Sönmez’e göre ihracatçılara yönelik özel teşvik ve destekler ile birlikte uzun vadede Türkiye için yeni bir üretim modeli gerekiyor. Sönmez, “Verimlilik temelli bir üretim ekonomisini, yüksek katma değer yaratacak, yüksek teknoloji kullanan ve yüksek katma değerli ihracata yönlendirecek bir rotanın belirlenmesi gerekli” diyor.
Euro Bölgesi korkutuyor
Türkiye ihracatının yarıdan fazlasının gerçekleştirildiği Euro Bölgesi’nde ekonomik performansta yaşanan durgunluk da Türkiye’nin ihracatı konusunda endişeleri artırıyor.
Avrupa İstatistik Ofisi (Eurostat), Avrupa Birliği (AB) ve Euro Bölgesi’nin 2023 yılı ikinci çeyrek büyüme oranlarına ilişkin öncü verilerine göre, 20 üyeli Euro Bölgesi’nde mevsimsellikten arındırılmış Gayrisafi Yurt içi Hasıla (GSYH), 2023’ün ikinci çeyreğinde bir önceki çeyreğe kıyasla yüzde 0,3 artarken, geçen yılın aynı dönemine göre yüzde 0,6 yükseldi. Euro Bölgesi’nin ilk çeyrek büyüme öncü verilerinde yüzde 0,1 küçüldüğü bildirilmişti.
Geçen yılın son çeyreğinde de yüzde 0,1 daralan Euro Bölgesi ekonomisi teknik resesyona girmişti. Daha sonra Eurostat, Euro Bölgesi’nin ilk çeyrek büyüme oranını yukarı yönlü revize etmiş, öncü verilerdeki yüzde 0,1 küçülmeyi 0 (sıfır) olarak güncellemişti.
“Almanya’da küçülme tehlikesi var”
DW Türkçe’ye konuşan Altınbaş Üniversitesi İşletme Fakültesi Öğretim Üyesi Prof. Dr. Hayri Kozanoğlu, özellikle Türkiye’nin en fazla ihracat yaptığı Alman ekonomisine ilişkin yüzde 0,9’luk küçülme beklentisinin yakın gelecekte ihracat için olumsuz bir gelişme olduğunu söylüyor. Türkiye, Almanya geçen yıl 21,1 milyar dolarlık ihracat gerçekleştirmişti.
Döviz kurunun seçim öncesi baskı altında tutulmasının ihracatın cazibesini azalttığına da işaret eden Prof.
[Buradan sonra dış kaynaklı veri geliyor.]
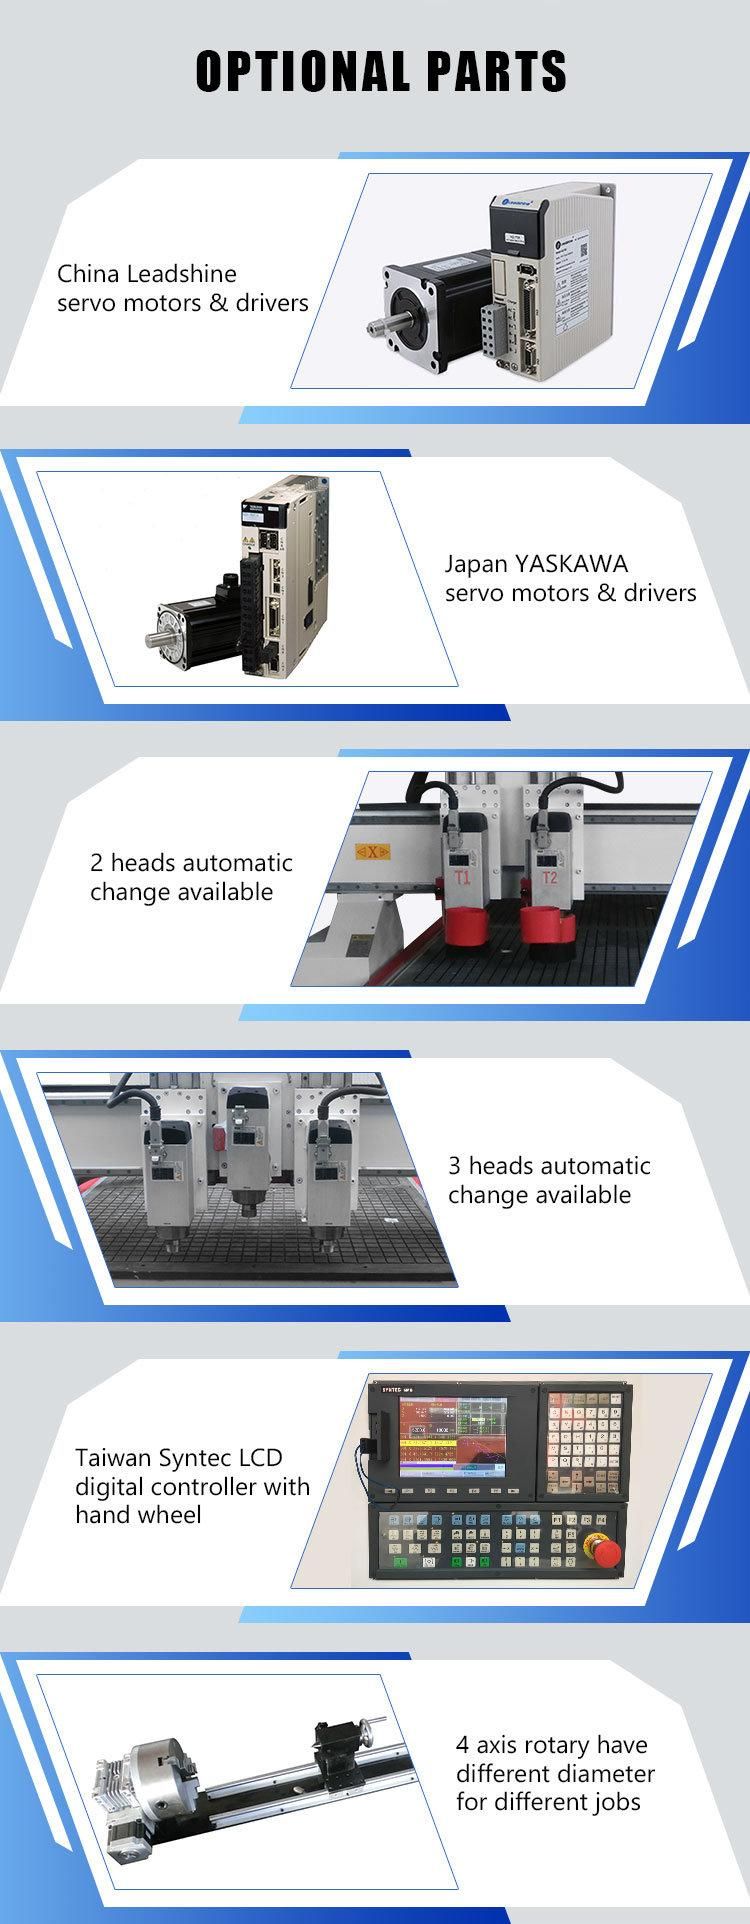 Senke CNC Wood and Metal Material Engraving and Cutting Machine

Kozanoğlu, son günlerde dolar kurunun 27 TL’yi geçmesinin ihracatı bir miktar canlandırabileceğini söylüyor. Kozanoğlu, “Yeni fiyatlara göre siparişlerin alınması ve üretimin yapılması ise biraz zaman alacaktır” diyor.
Dünya ticaretindeki payı yüzde 1,04
Dünya Ticaret Örgütü (DTÖ) verilerine göre, Türkiye 2023 yılının ilk çeyreği itibariyle dünya ticaretinden yüzde 1,04 pay alıyor. AKP’nin iktidara geldiği 2002 yılından 2022 yılı sonuna kadar, dünya ticareti yüzde 276,5 büyüme göstererek 24 trilyon doları aştı.
Bu 20 yıl içerisinde Türkiye’nin ihracatı 6,5 milyar dolardan 255 milyar dolara çıkmış olsa da, küresel ticaretten aldığı pay ise sadece 1 kat arttı ve yüzde 0,55’ten yüzde 1,04’e yükseldi.